Just like last year, the Tigers aren't interested in making any big, expensive moves
Tigers President of Baseball Operations Scott Harris has made it clear that he doesn't intend on the team being big spenders this offseason, despite Detroit's payroll being cleared of both Miguel Cabrera and Eduardo Rodriguez's contracts going into 2024. He's interested in keeping his attentions on the young talent the team already has, and he doesn't think that buying up some of the more expensive players available on the free agent market is the key to long-term success. Based on the fact that the Tigers were able to exceed expectations this year without a big name headliner, Harris' philosophy is to develop, not acquire.
This is a very pragmatic philosophy that's not necessarily wrong (even if it is a bit contradictory, given the Tigers' rumored interest in Yoshinobu Yamamoto, who will not come cheaply). With Spencer Torkelson, Riley Greene, Tarik Skubal, and Tyler Holton in the mix, the Tigers absolutely do have a lot of young talent who deserve to be part of the team's core and shouldn't be pushed out by expensive acquisitions. Importantly, most of them are also still pre-arbitration, so they'll come incredibly cheaply.

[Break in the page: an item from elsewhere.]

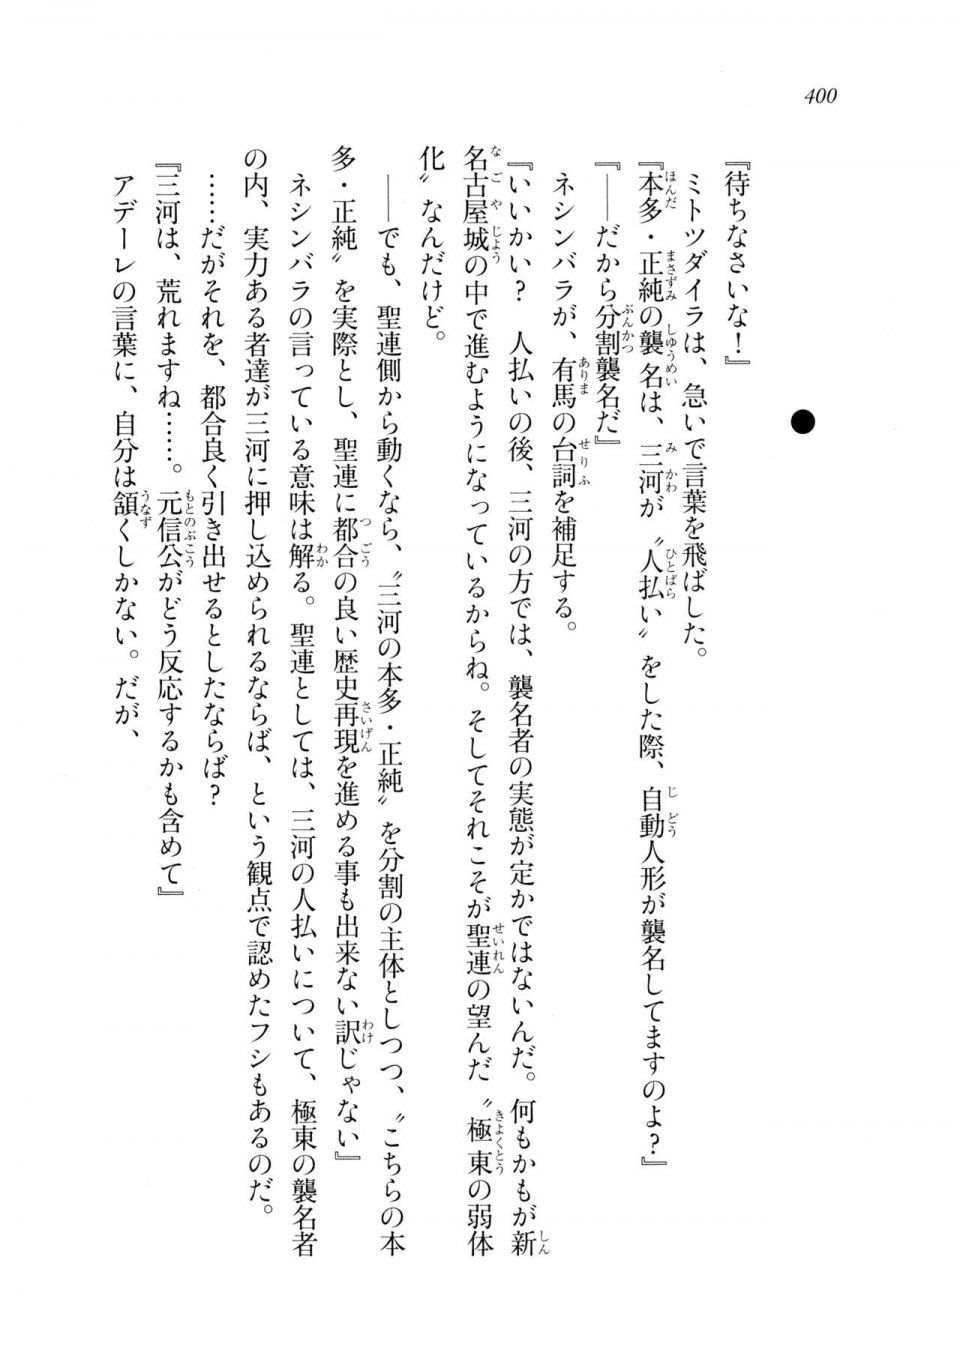 Kyoukai Senjou no Horizon LN Sidestory Vol 2 - Photo #398

So, despite Harris' argument being a pragmatic one, the counter is this: If the Tigers can retain their young core cheaply, and have more payroll flexibility than they've had in years, why not complement that core with a big name signing that will not only help the team but excite the fanbase?
Despite the strength and potential of some individual players, there are still some holes in the Tigers roster that need to be addressed. The rotation needs at least one more arm, the bullpen needs a few, and third base needs an everyday player (we'll get into that later). These concerns aren't all new, and they won't go away simply by developing current players. The Tigers should take a more holistic approach that involves development and acquisition, even if it means stretching the budget, but it doesn't seem like they're going to.